I have a rule engine that reads in a Kafka event, processes the event, returns a list of rules that matched and writes it into another topic. This is what I have so far:

@Bean
public Function<KStream<String, ProcessNode>, KStream<String, List<IndicatorEvaluation>>> process() {
    return input -> input.mapValues(this::analyze).filter((host, evaluation) -> evaluation != null);
}

public List<IndicatorEvaluation> analyze(final String host, final ProcessNode process) {
    // Does stuff
}

Some of the stateful rules look like:

[some condition] REPEATS 5 TIMES WITHIN 1 MINUTE
[some condition] FOLLOWEDBY [some condition] WITHIN 1 MINUTE
[rule A exists and rule B exists]

My current implementation is storing all this information in memory to be able to perform the analysis. For obvious reasons, it is not easily scalable. So I figured I would persist this into a Kafka State Store.

I am unsure of the best way to go about it. I know there is a way to create custom state stores that allow for a higher level of flexibility. I'm not sure if the Kafka DSL will support this.

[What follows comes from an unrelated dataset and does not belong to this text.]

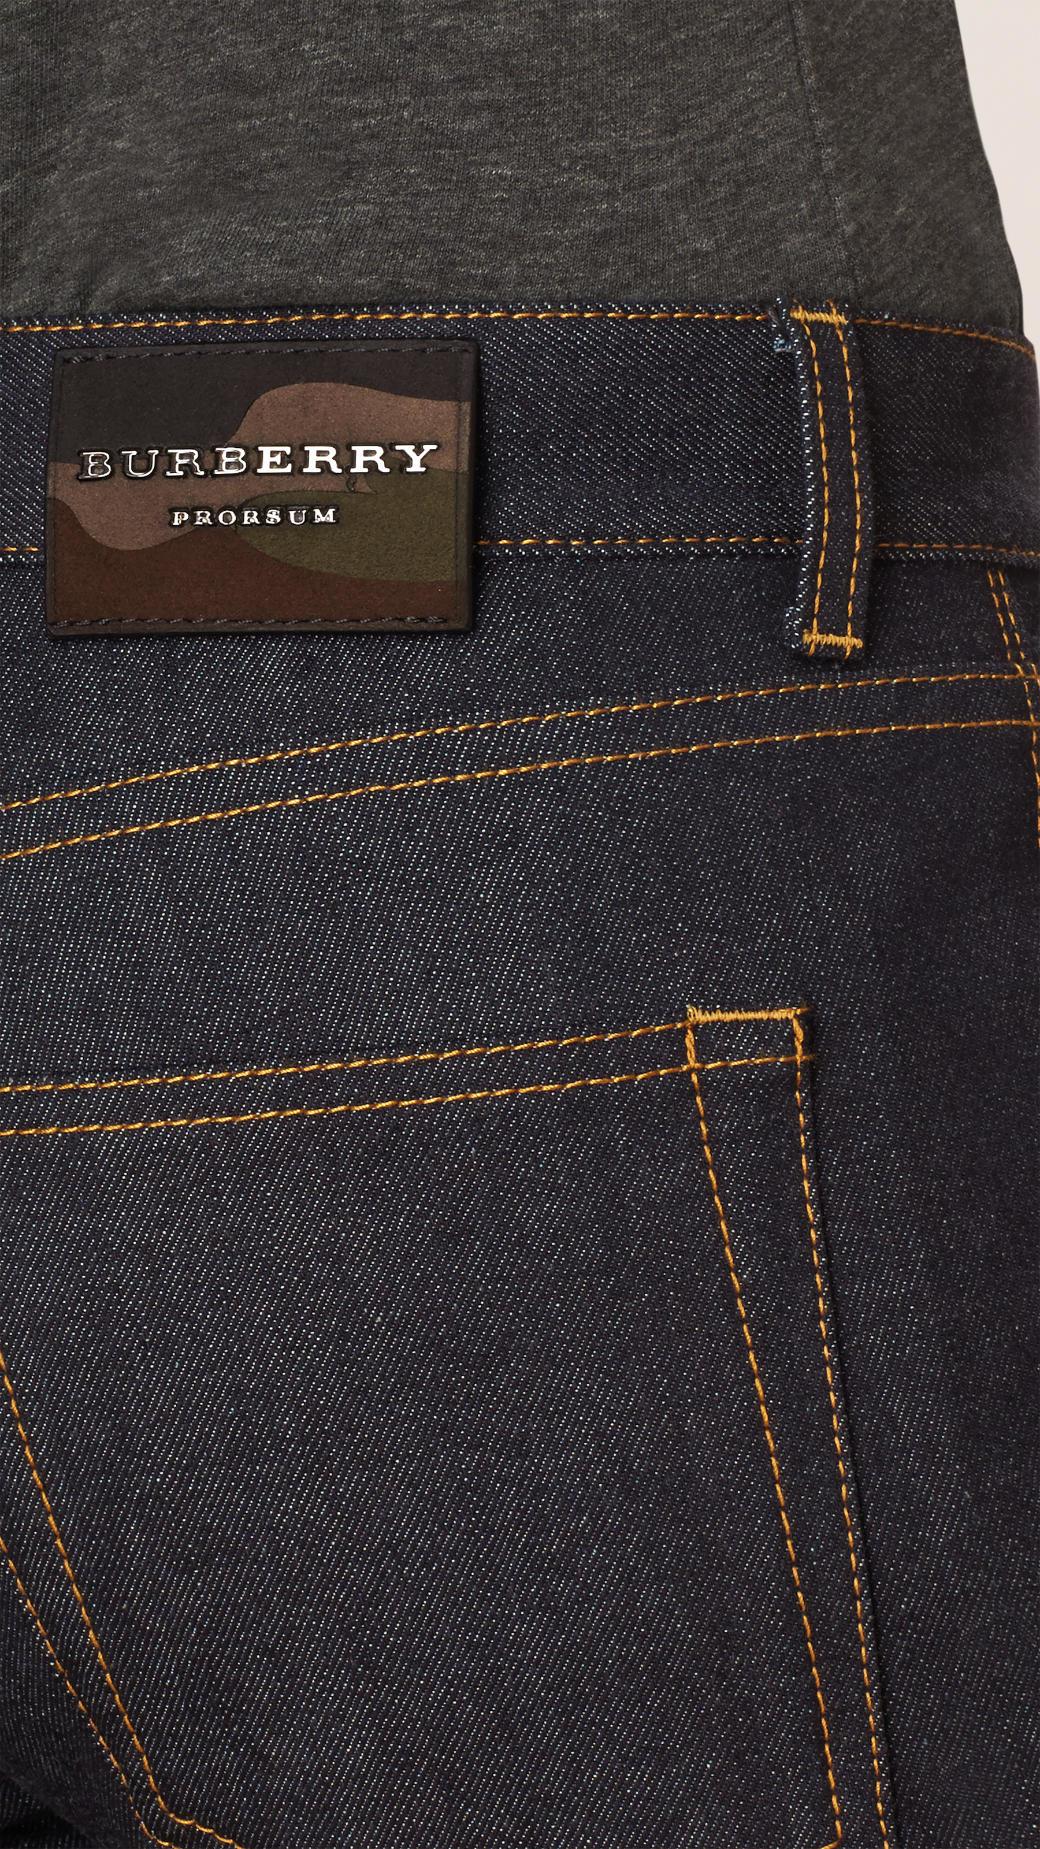 Burberry Slim Fit Japanese Selvedge Jeans in Indigo (Blue) for Men
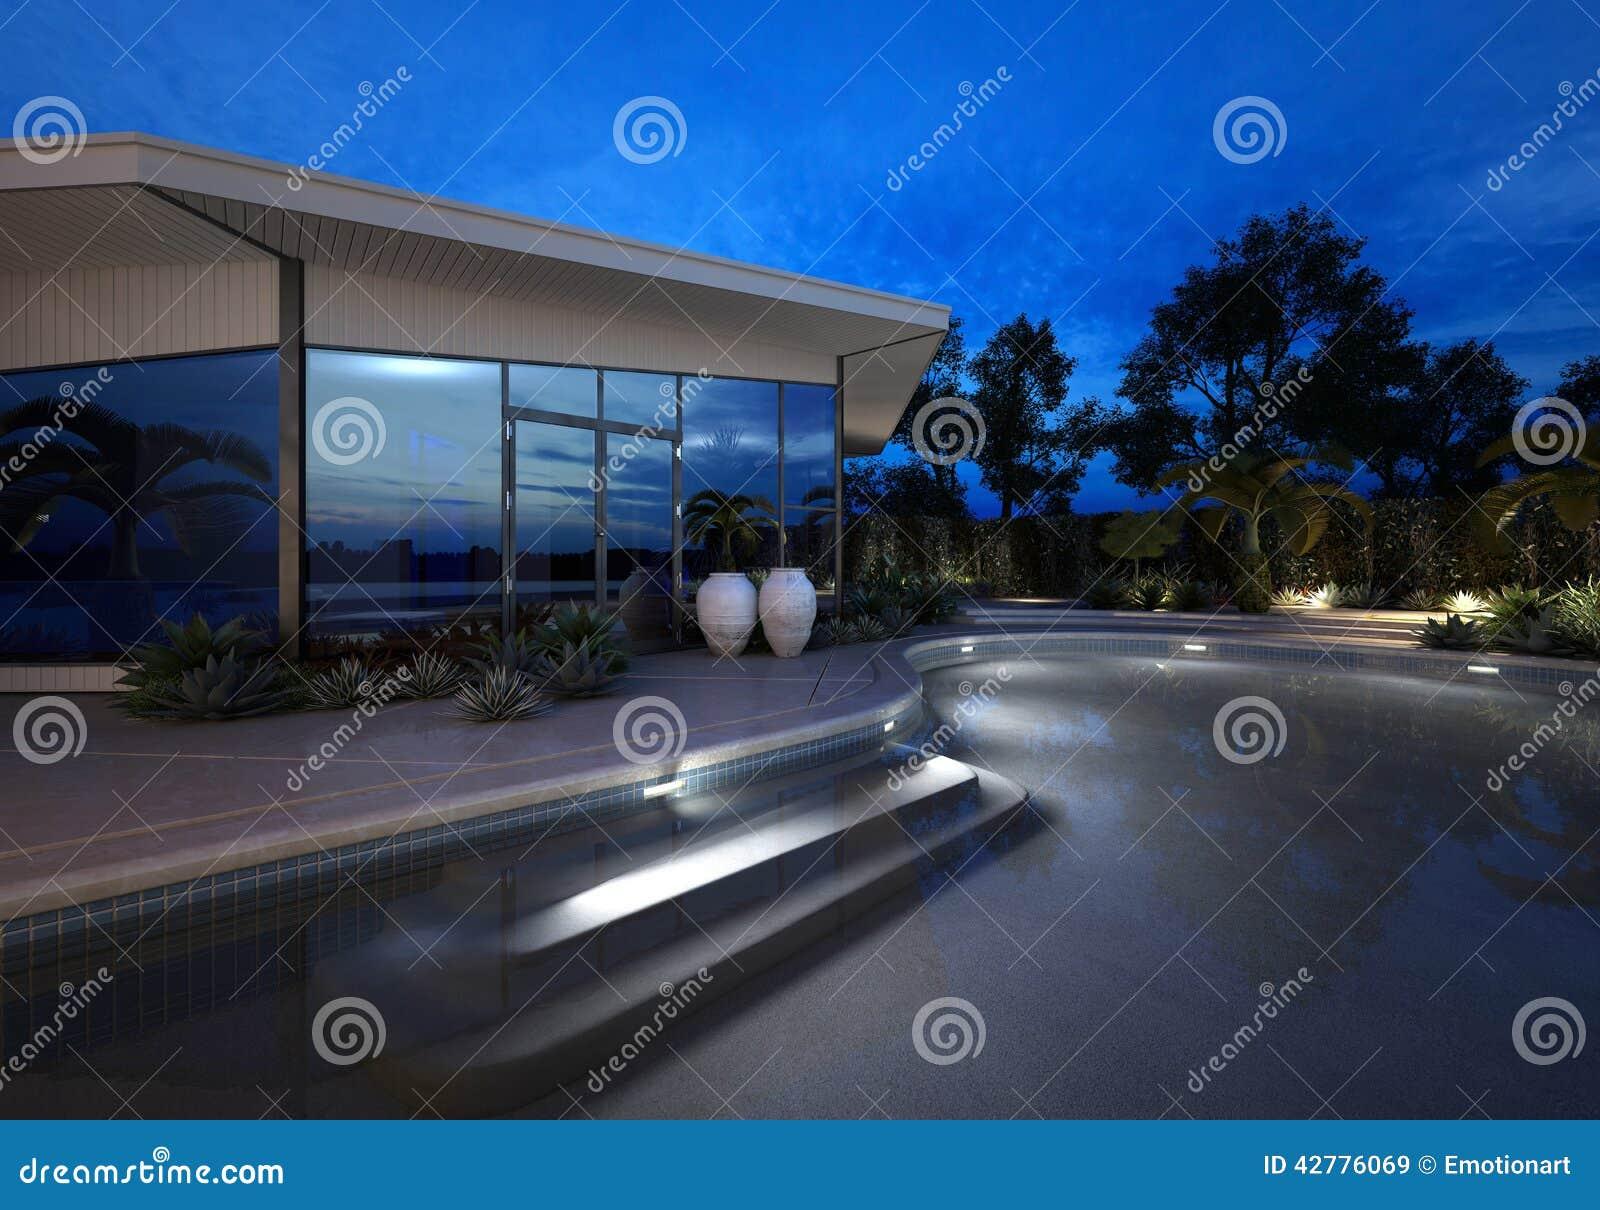 Villa de luxe la nuit avec une piscine lumineuse

Still new to Kafka Streams and wouldn't mind hearing a variety of suggestions.

1

1 Answers

2
votes

From the description you have given, I believe this use case can still be implemented using the DSL in Kafka Streams. The code you have shown above does not track any state. In your topology, you need to add state by tracking the counts of the rules and store them in a state store. Then you only need to send the output rules when that count hits a threshold. Here is the general idea behind this as a pseudo-code. Obviously, you have to tweak this to satisfy the particular specifications of your use case.

@Bean
public Function<KStream<String, ProcessNode>, KStream<String, List<IndicatorEvaluation>>> process() {
    return input -> input
                     .mapValues(this::analyze)
                     .filter((host, evaluation) -> evaluation != null)
                     ...
                     .groupByKey(...)
                     .windowedBy(TimeWindows.of(Duration.ofHours(1)))
                     .count(Materialized.as("rules"))
                     .filter((key, value) -> value > 4)
                     .toStream()
                    ....
}